_Record excerpts_
··········

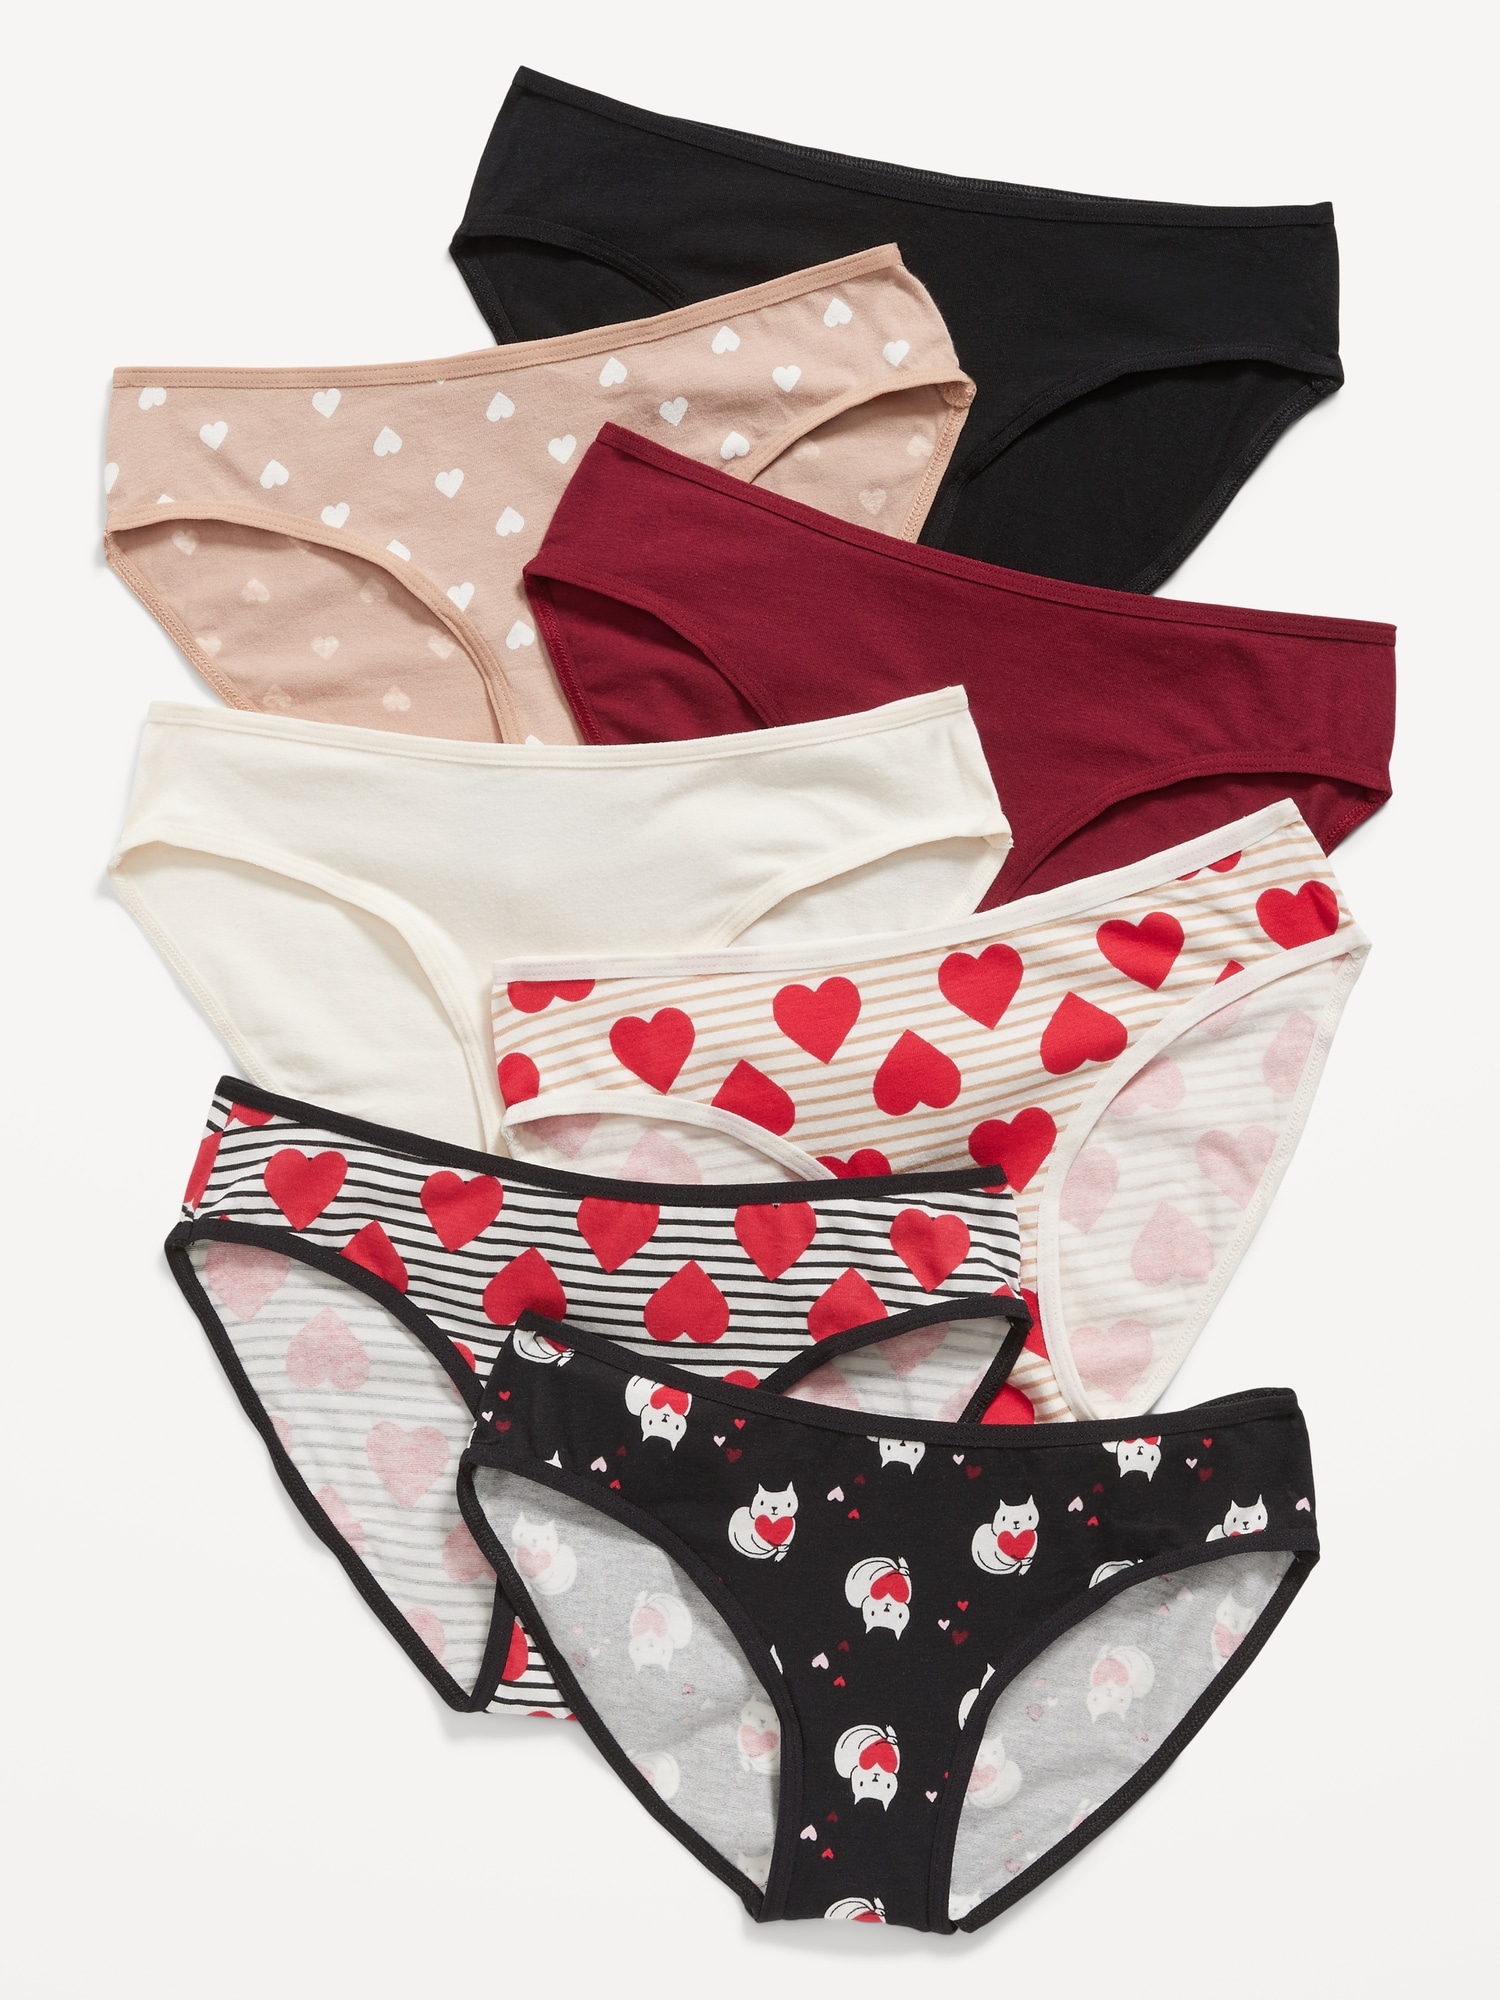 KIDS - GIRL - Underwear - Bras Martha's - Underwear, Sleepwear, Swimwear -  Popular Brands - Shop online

··········

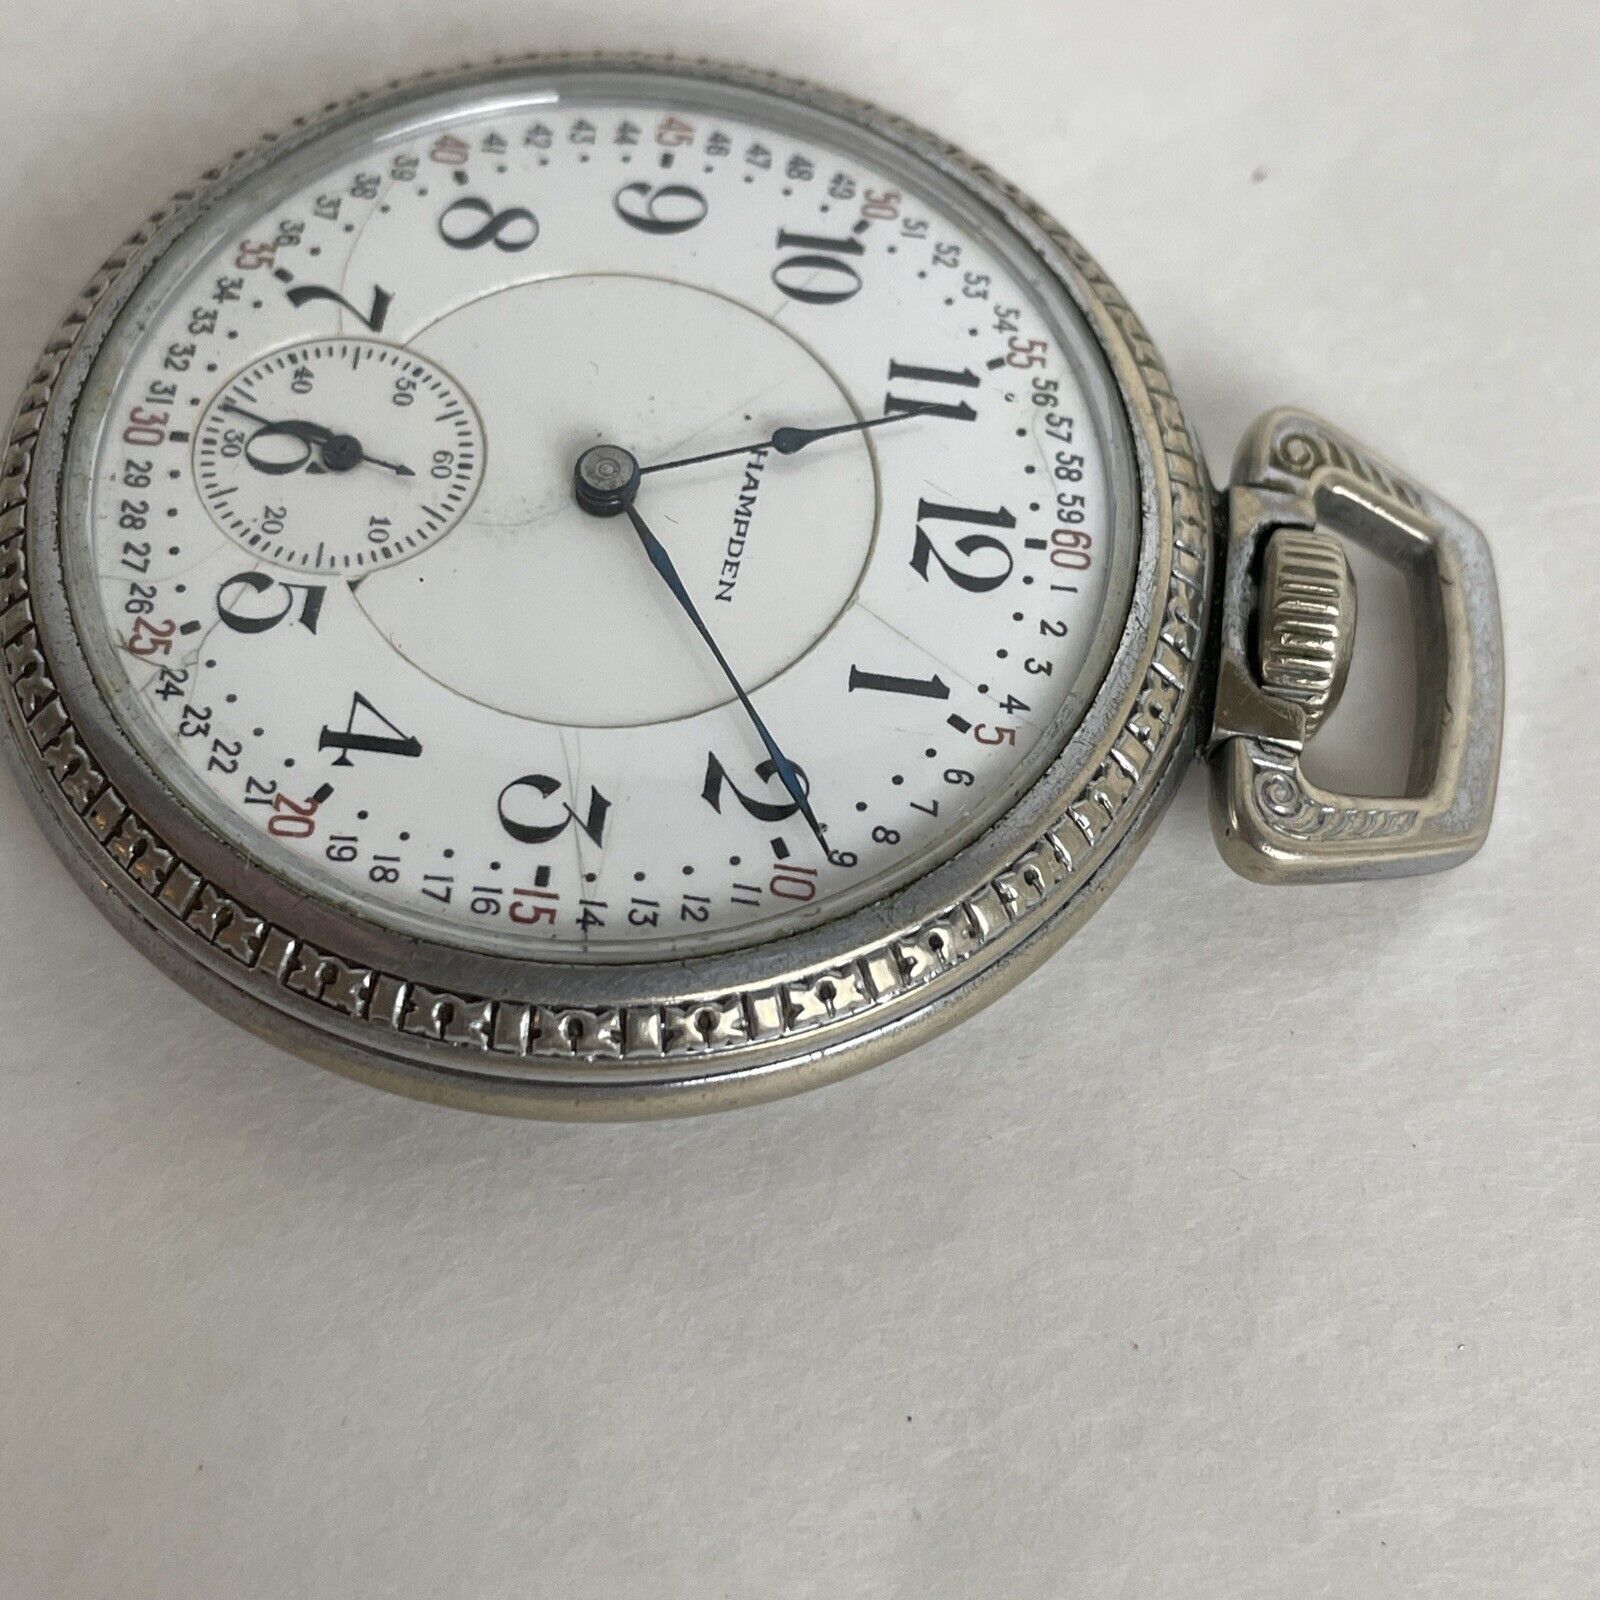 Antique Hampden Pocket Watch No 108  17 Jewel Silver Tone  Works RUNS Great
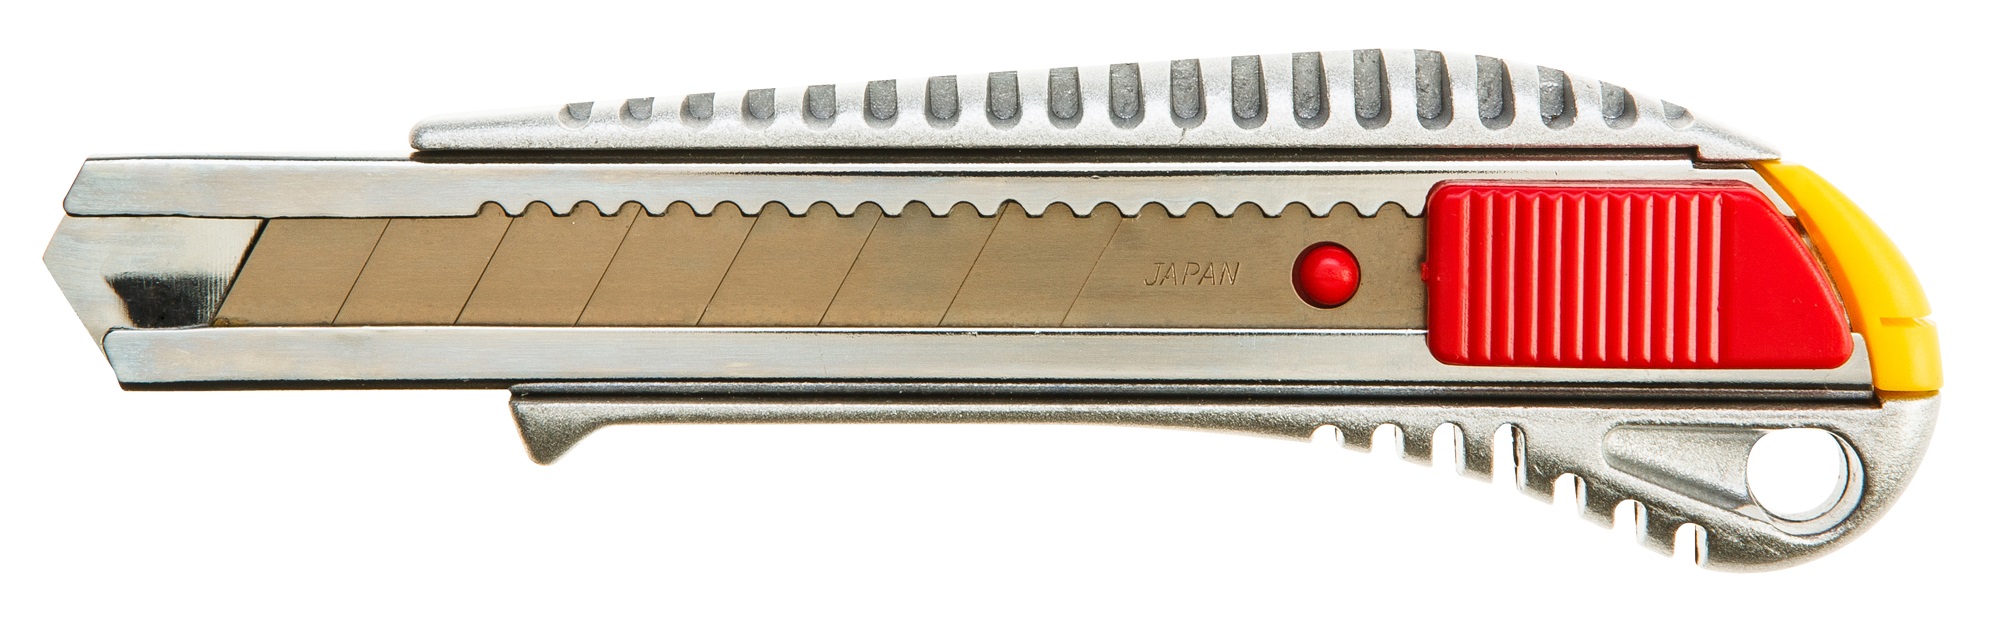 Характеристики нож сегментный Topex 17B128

··········

_Activity_
In the listing above, find the line containing "Antique Hampden Pocket" and the line containing "Характеристики нож сегментный Topex 17B128", then write out both of them and every line between, exactly, with no pictures.

_Written response_
 Antique Hampden Pocket Watch No 108  17 Jewel Silver Tone  Works RUNS Great
 Характеристики нож сегментный Topex 17B128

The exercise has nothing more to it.